The birth of AlphaGo and its victory, according to the academician, opens the door to a completely new space, into which humanity will enter very quickly. And not everything in this world will be useful and pleasant for humanity in general and individuals in particular.

“It is clear that the social shifts from this will be enormous. The number of semi-skilled workers is already dwindling like shagreen leather, and the emergence of AI capable of solving these problems will deprive them of their jobs. All these engineers, taxi drivers, pilots, nurses, workers - millions of people - will have to disappear, and only 1%, as current studies show, can adapt to new realities and retrain, says the scientist.

According to him, “we are on the verge of absolutely monstrous social consequences from the development of artificial intelligence systems. We cannot now assess their scale, like people in the middle of a hurricane or at the height of a revolution. Money now needs to be urgently invested in education, as people of average qualification are becoming completely unnecessary."

As the rector of Skoltech notes, the world today is able to feed all of humanity, but it is not able to occupy it. This unemployment and lack of purpose in life could already affect the life of Europe and other developed countries and give rise to various radical movements like IS and other banned extremist and religious groups.

“This is a conscious archaization of life, the creation of a situation in which I will feel needed. To hell with him that I live worse, but I do not live like everyone else. The feeling that you are constantly being sent fast food for free and given sneakers every six months, but at the same time you are not needed for anything, is actually terrible. And this feeling will only grow with the development of AI and robotics,”continues Kuleshov.

A noticeable part of this problem is related to the fact that a person simply does not have time to "evolve" after AI - generations of people change every 25 years, and technological revolutions occur with an interval of 5-6 years.
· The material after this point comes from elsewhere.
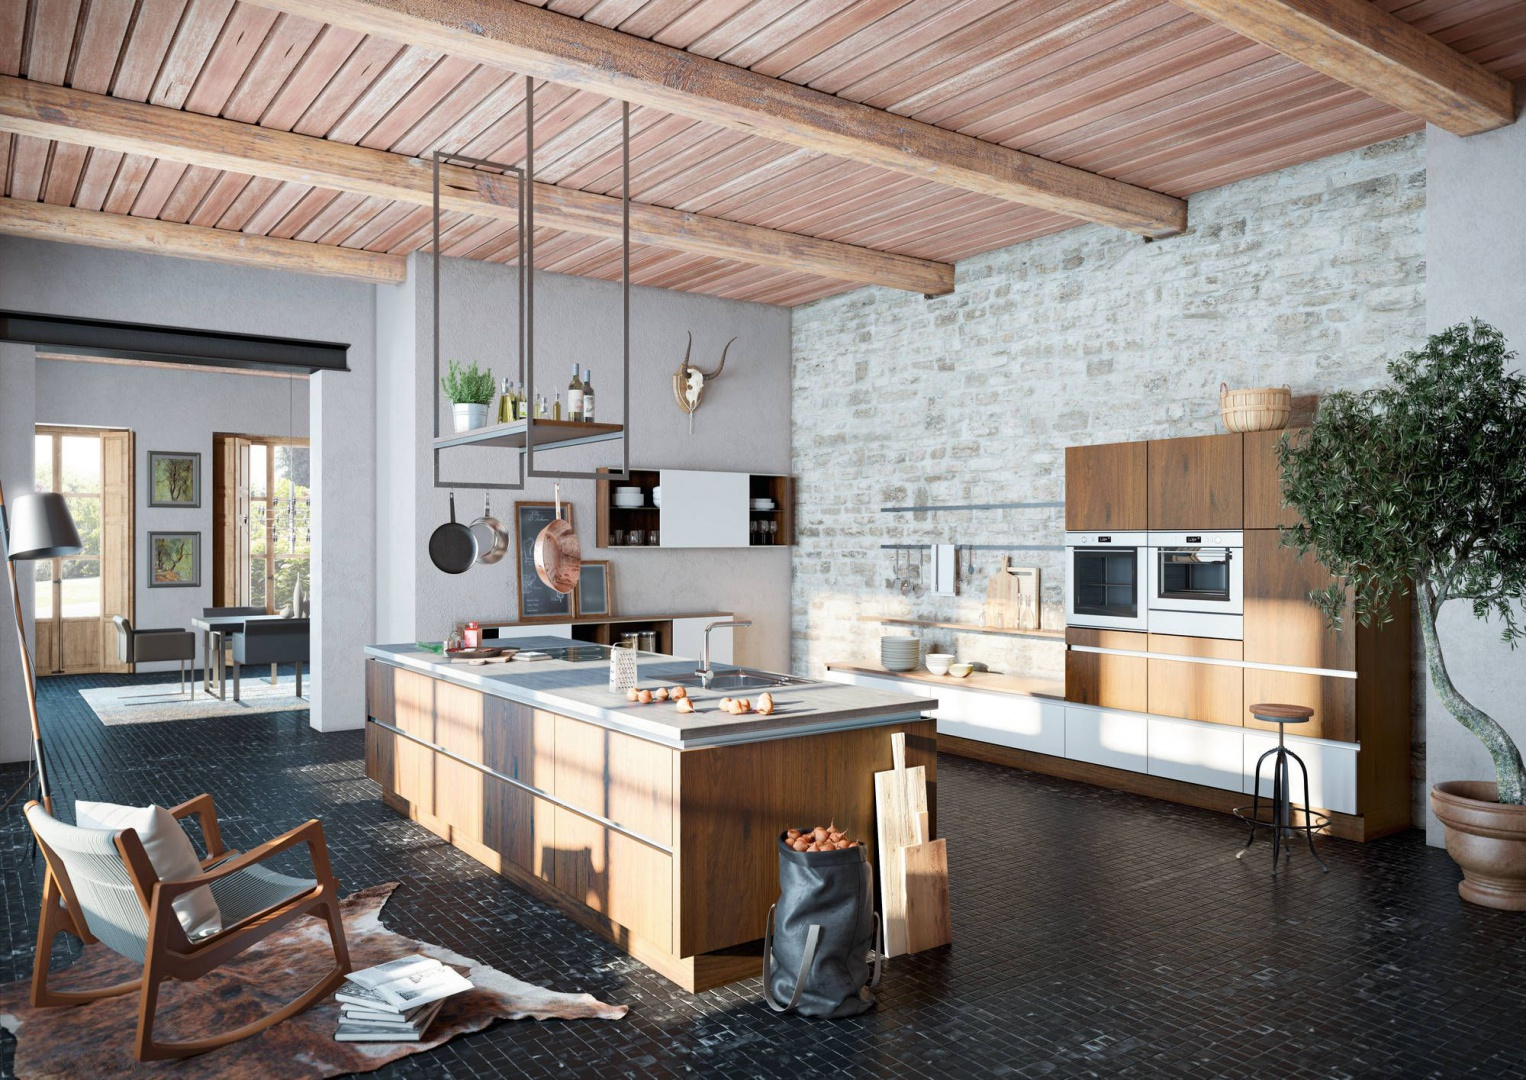 W tej kuchni meble są Cegła, kamień, drewno tak   -> Kuchnia I Cegla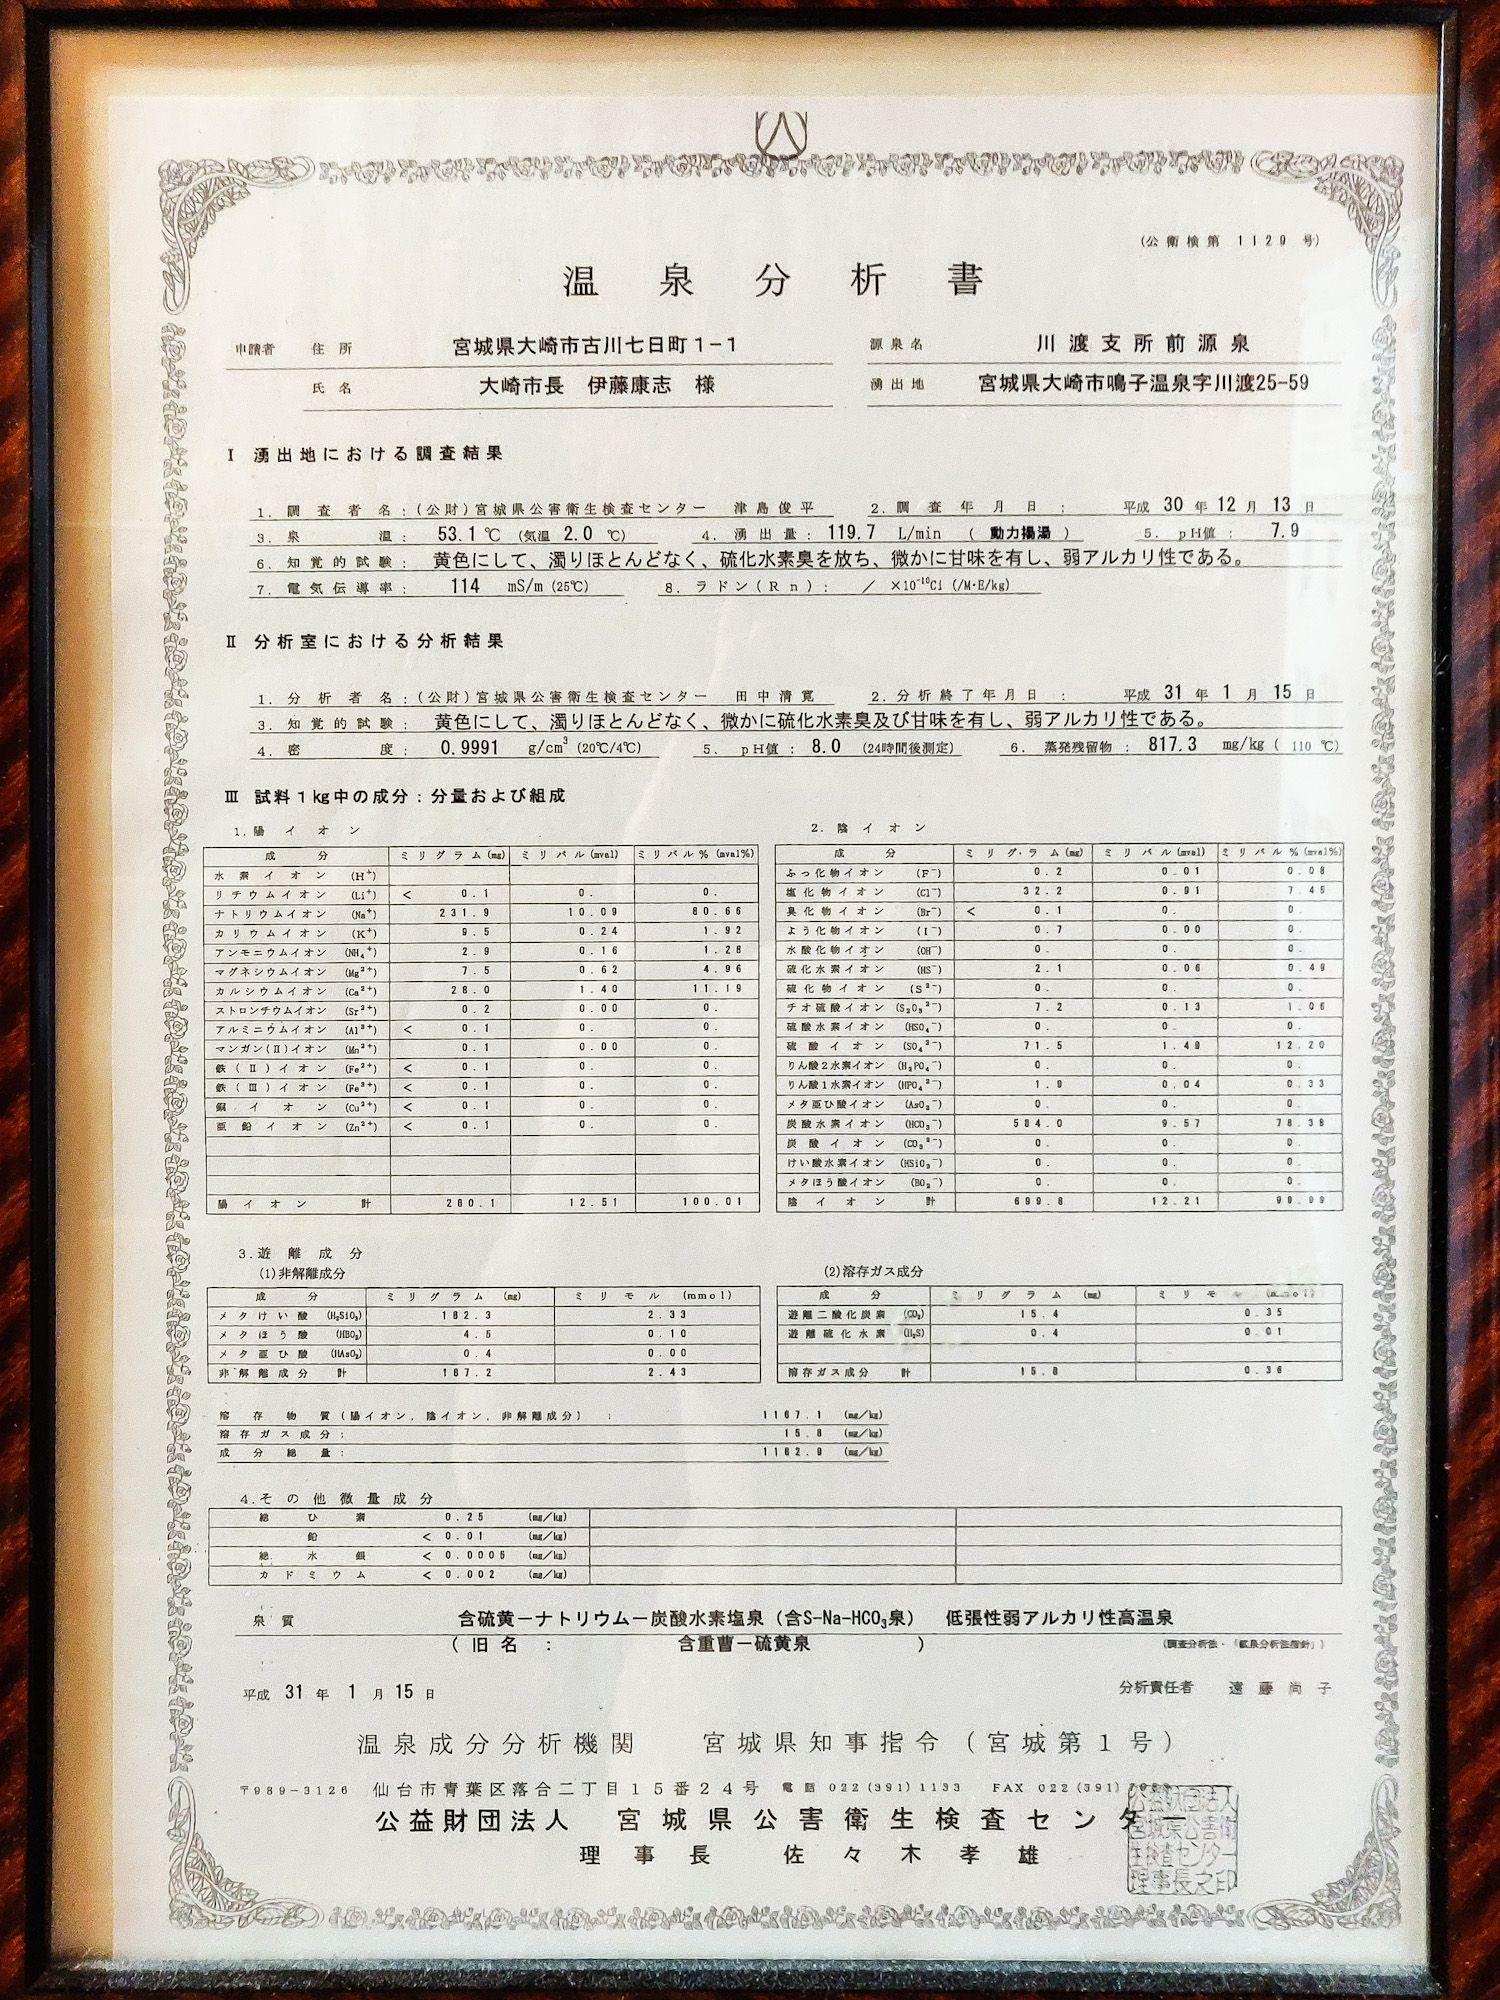 川渡温泉共同浴場 温泉分析書

Therefore, as the rector notes, the number of "unnecessary" people will constantly grow, and only mass education can help avoid a social explosion and the emergence of a new wave of Luddites.

“What we are on the verge of has no name yet, and I don’t even know what to call it. Perhaps they can be called "unmanaged intelligent systems". These are fundamentally new systems that generate themselves, and we are not far from the time when they begin to penetrate into our lives,”the scientist concludes.